Les différences de technologie sont historiquement la première explication avancée aux


échanges entre les Nations. Elles désignent des différences de compétences se traduisant par
des différences de productivité des facteurs de production. Les économistes classiques Adam
Smith (1723-1790) et David Ricardo (1772-1823) sont les premiers à avoir expliqué les
échanges internationaux par ces différences.

Section 1 : Le principe des avantages comparatifs


Les mercantilistes ont développé durant le 17ème siècle une vision protectionniste de
l’économie. Ils considèrent qu’un pays doit encourager les exportations et mettre des barrières
devant les importations. La raison est liée à leur conception du commerce international comme
un jeu à somme nulle : ce qui est gagné par un pays est perdu par un autre pays.
C’est contre cette vision de nations à intérêts contradictoires que David Ricardo et, avant lui,
Adam Smith, ont réagi aux 18ème et 19ème siècles. Le premier a développé son analyse sur la
base de la notion des coûts absolus et le second sur celle des coûts relatifs.

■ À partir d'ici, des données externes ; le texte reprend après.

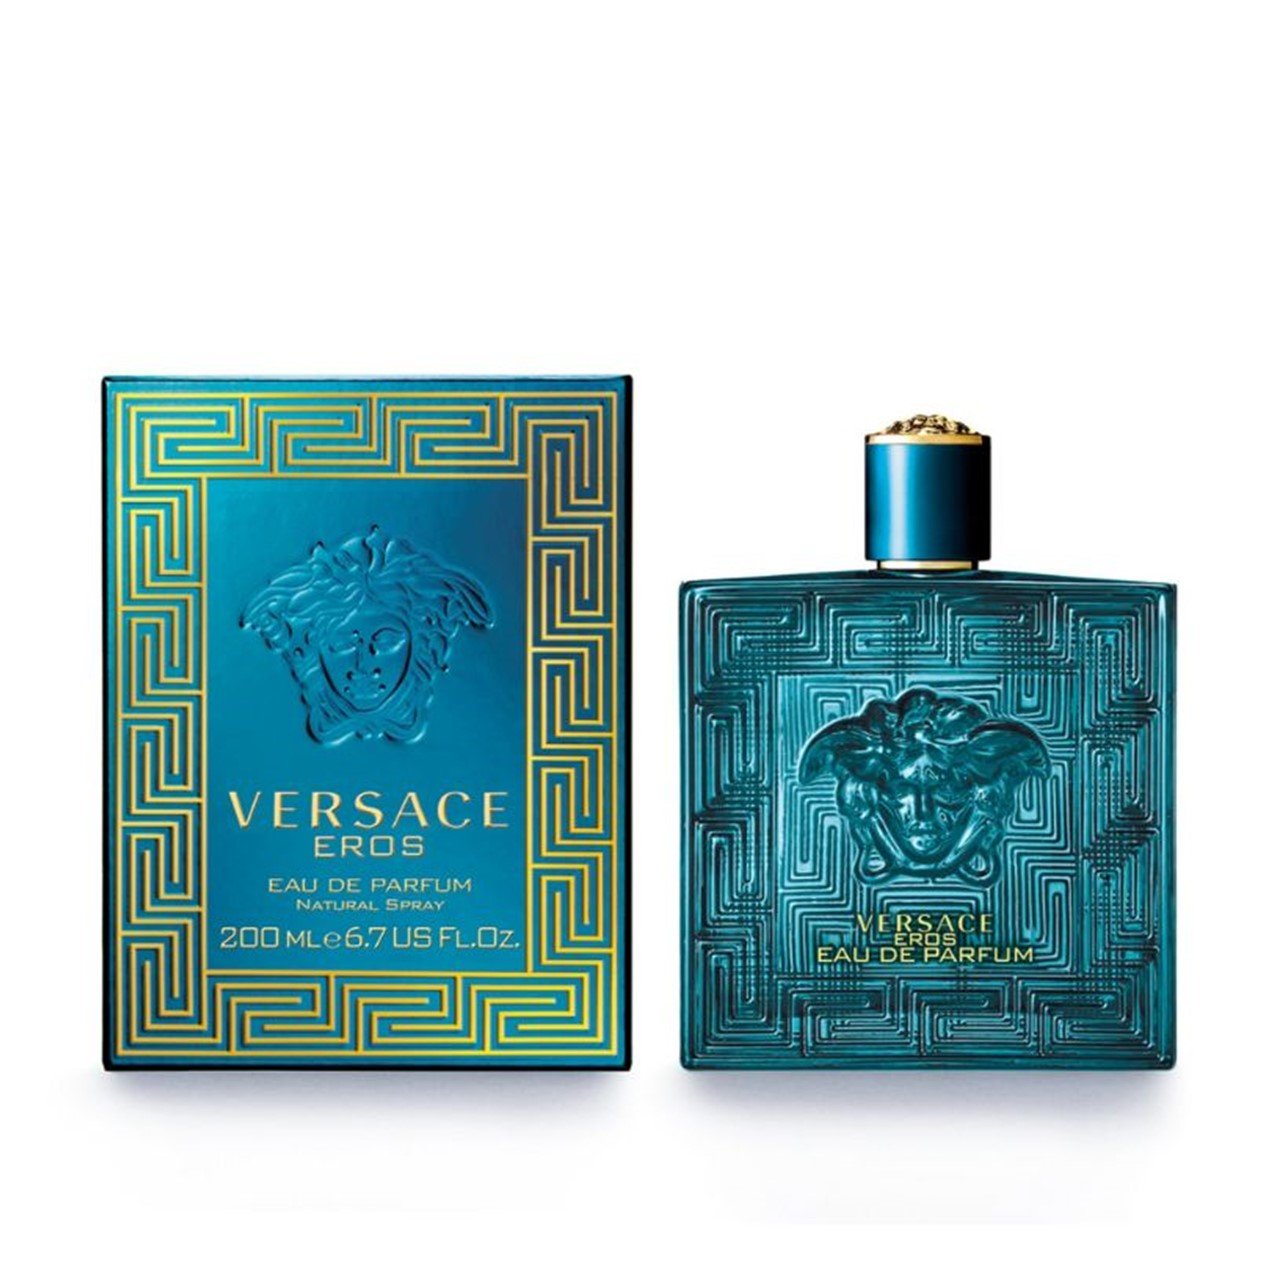 Versace Eros Eau de Parfum 200ml (6.8fl.oz.)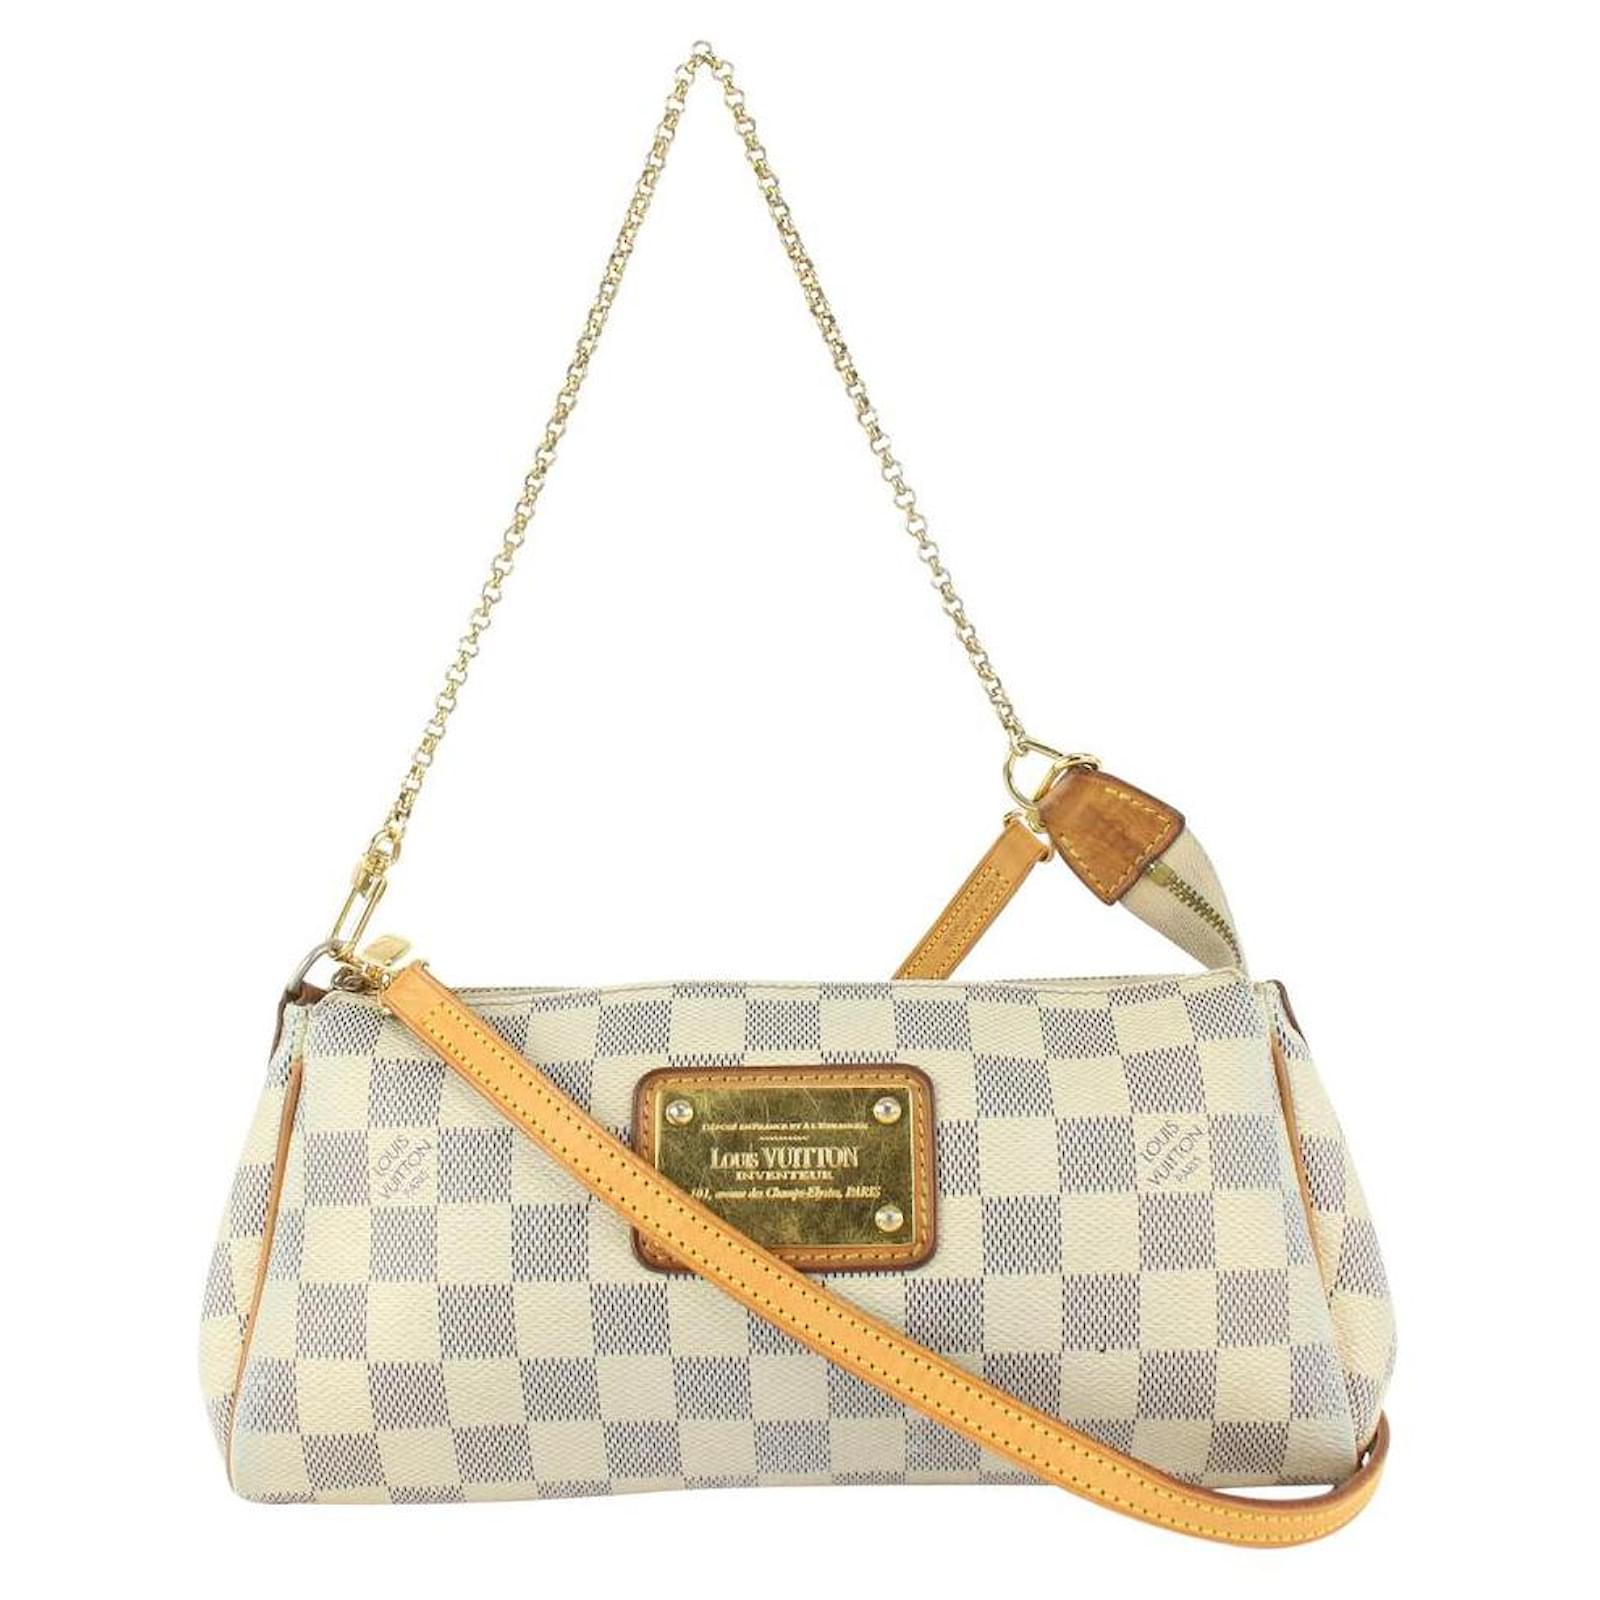 Eva leather handbag Louis Vuitton White in Leather - 35370226

1.1. L’avantage absolu de Smith :


Adam Smith considère que la division du travail et la spécialisation qui en découle sont sources
d’augmentation des productivités et des richesses. Ceci est vrai aussi bien pour les individus
que pour les pays. Dans ce dernier cas, un pays se spécialiserait dans la production des biens
qu’il arriverait à fabriquer aux meilleurs coûts en termes absolus que les autres pays. Ces biens
dans lesquels le pays disposerait d’un avantage absolu seront en partie exportés. Cependant, les
biens dans lesquels le pays disposerait d’un désavantage absolu seront achetés de l’étranger,
c’est à dire importés. Le paragraphe ci-après illustre bien les idées de Smith :
« La maxime de tout chef de famille prudent est de ne jamais essayer de faire chez soi la chose
qui lui coûtera moins cher à acheter qu’à faire. Le tailleur ne cherche pas à faire ses souliers,
mais il les achète au cordonnier…
Ce qui est prudence dans la conduite de chaque famille en particulier ne peut guère être folie
dans celle d’un grand empire. Si un pays étranger peut nous fournir une marchandise à meilleur
marché que nous ne sommes en mesure de la fabriquer nous-mêmes, il vaut bien mieux que
nous la lui achetions avec une certaine partie du produit de notre propre industrie, et utiliser
ainsi notre industrie à notre avantage1». Le raisonnement de Smith peut être illustré par
l’exemple suivant :

Supposons qu’on est en présence de deux pays A et B qui produisent deux biens, l’un est
agricole (le bien X), et l’autre est industriel (le bien Y). La production d’une unité du bien
industriel nécessite 4 heures de travail dans le pays A et 6 heures dans le pays B. D’un autre
côté, la production d’une unité du bien agricole nécessite respectivement 3 heures de travail
dans le pays A et 2 heures de travail dans le pays B.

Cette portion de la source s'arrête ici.